At a consolidated level, everything flows back to the parent company which is the PLC.
It's a very sensible move given the backgrounds of our current management team. The combination of running these kinds of facilities and sound commercial knowledge of monetising these complex transactions is what the team can deliver. If this transaction has the capability of generating early revenues, which it has, there is no reason not to back the team to the hilt. Investing in AIM companies carries its associated risks but there are hidden gems within the plethora of companies around. I firmly believe Infa is one such. The medium to long term business case now looks even better.
They were possibly under-valuing what is a significantly strategic asset for NI, the UK and Europe.
These negotiations are highly sensitive and confidential so I would not be surprised if there were other bidders. To be fair, even we didn't have a clue about this till the news broke on 01 October.
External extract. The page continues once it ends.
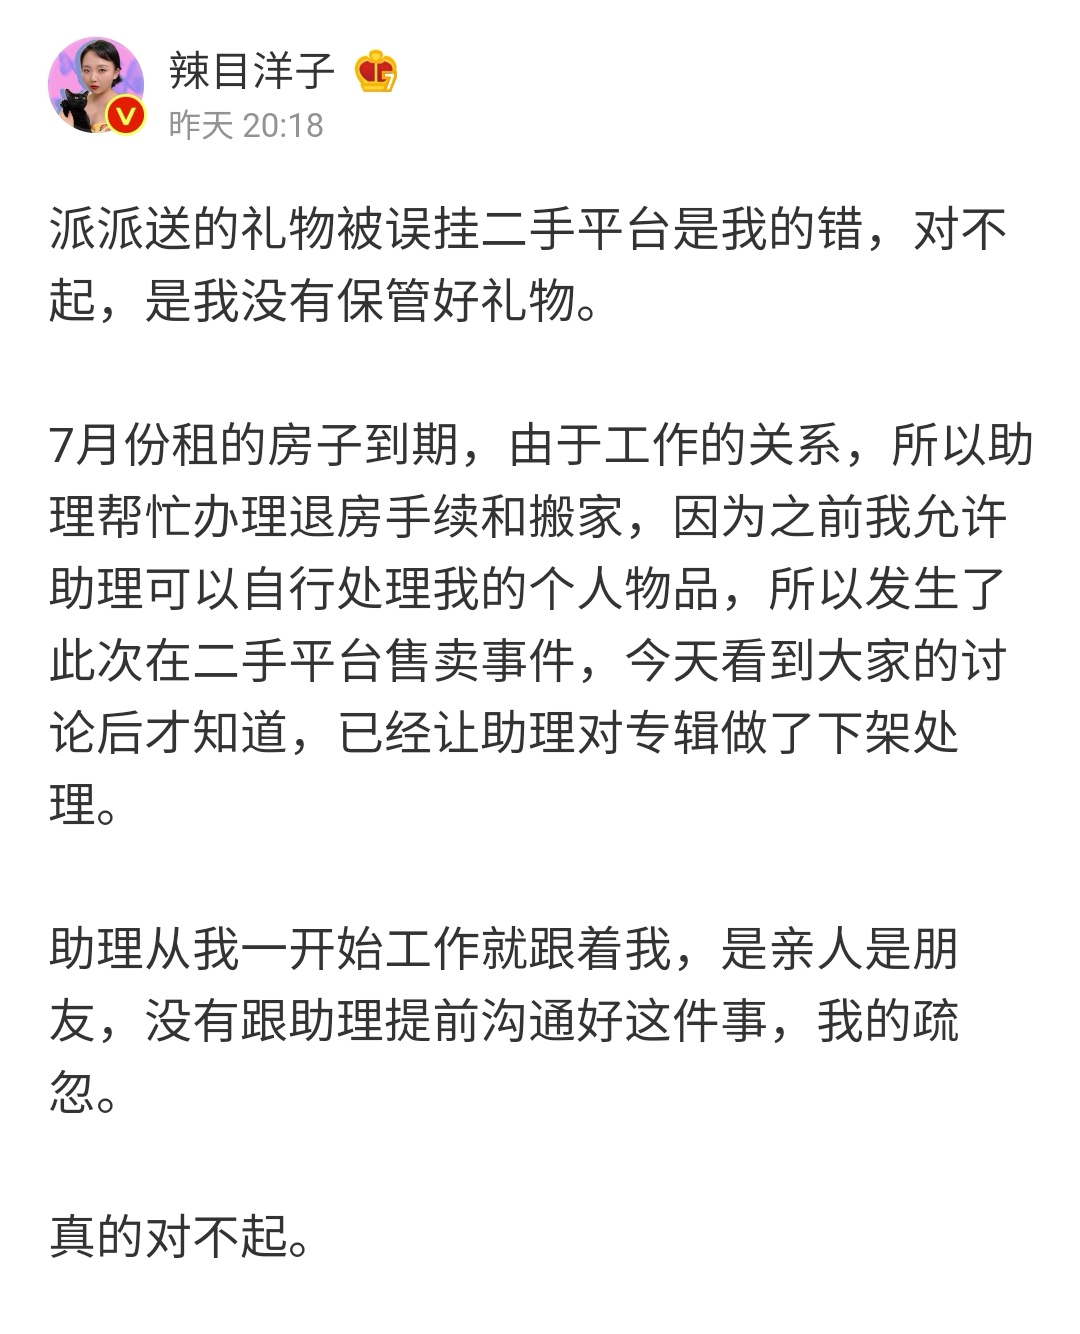 ข้อความใน weibo ของ ล่ามู่หยางจื่อ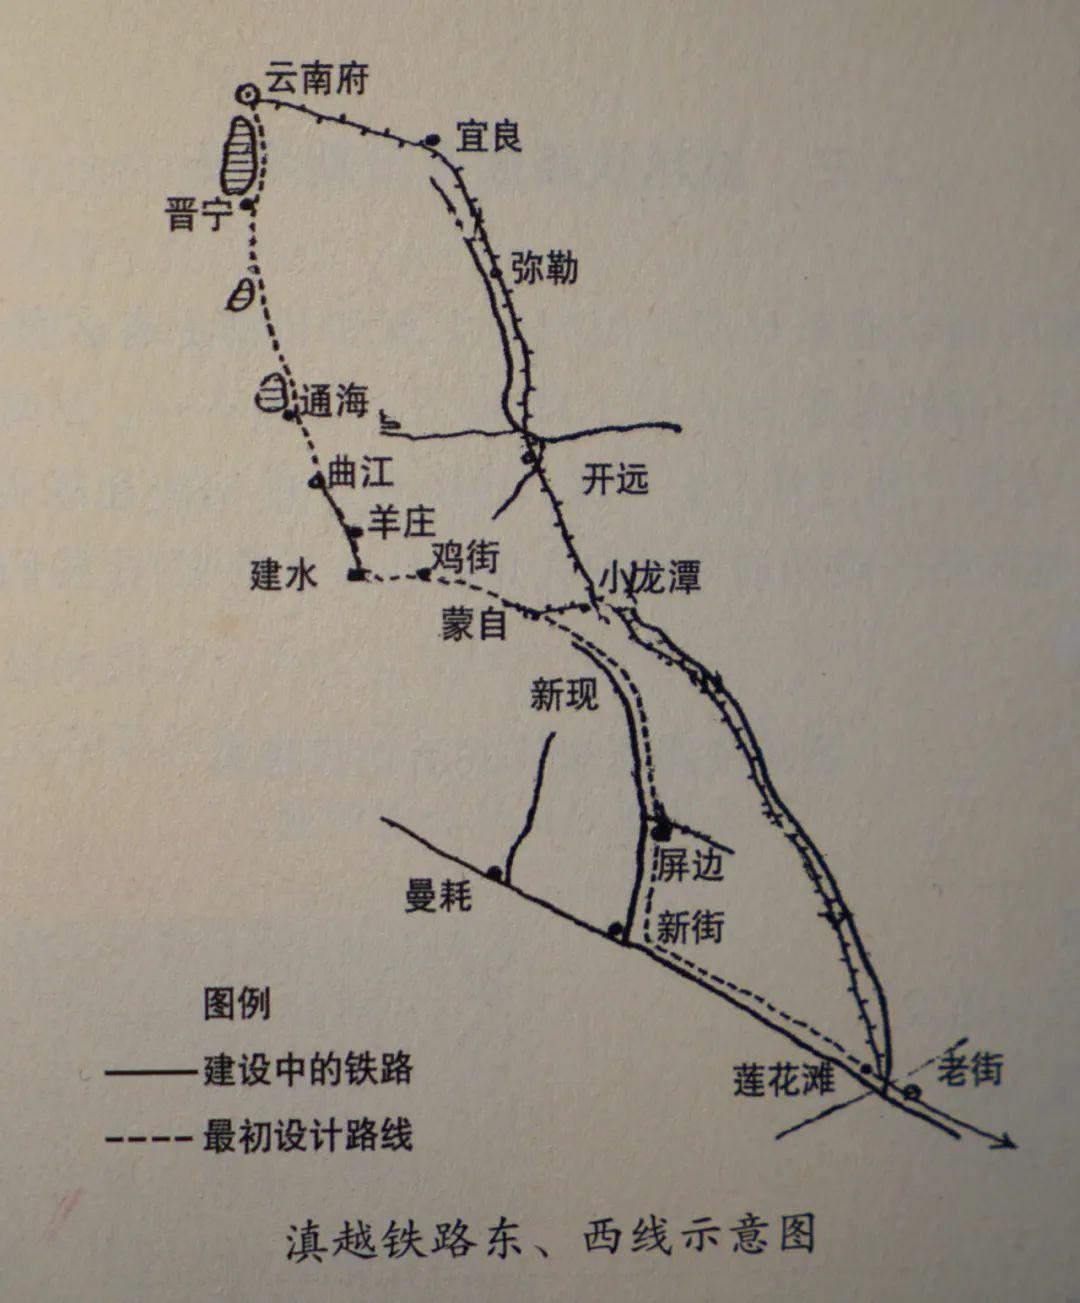 滇越铁路系列之六:筑路之始——线路勘定

It goes to show it would have been a very confidential series of discussions.
Cheers Dawski,
I don't mind Drodders at all. It addresses two in one!
What this company needs is institutional support. The fact that it is 100% retail held allows MMs to ramp up and down everyday. A set of long term institutional investors that provide stability and a set of retail that bring in the liquidity is the ideal scenario
I think this is very good news. The conditional agreement is a huge milestone and shows clear intent of the BoD to get things moving and generating cash as quickly as possible.
I agree CRL123, I am hoping we get to participate too. I am under water as well but if we can and average down, I firmly believe that the share price will bounce back.
When I look at Infa's balance sheet they have a lot of intangible assets, but with Harland, they have real assets and tangible assets. Leveraging those assets is so much easier.
Ultimately, this is a multi purpose fabrication facility that can accommodate a wide range of projects. It plays perfectly into the long term strategy that was put in place by JW at the AGM this year.
Fantastic opportunity and one to watch!
That one was for Leesadee...
Typical.....it makes me yawn now.
There are locals who support the project and that's great. There are others who want to base their support or otherwise on hard facts and that is completely justified. And finally there is a really small group who are making the most noise and peddling fake news all because they choose to protest about literally everything. There is a time to ignore them and there is also a time to call their rubbish out. That's exactly what happened on Sunday gone by where Leesadee refused to answer the most basic questions.
Insofar as Twitter and this Doc Holliday guy is concerned, he really has no clue of what he is talking about. He couldn't even get the name of one of the large cranes at H&W right, calling is "Sampson" instead of "Samson". It just goes to show the level of detail that people like him go to, which, quite frankly, is shallower than a kids' paddling pool.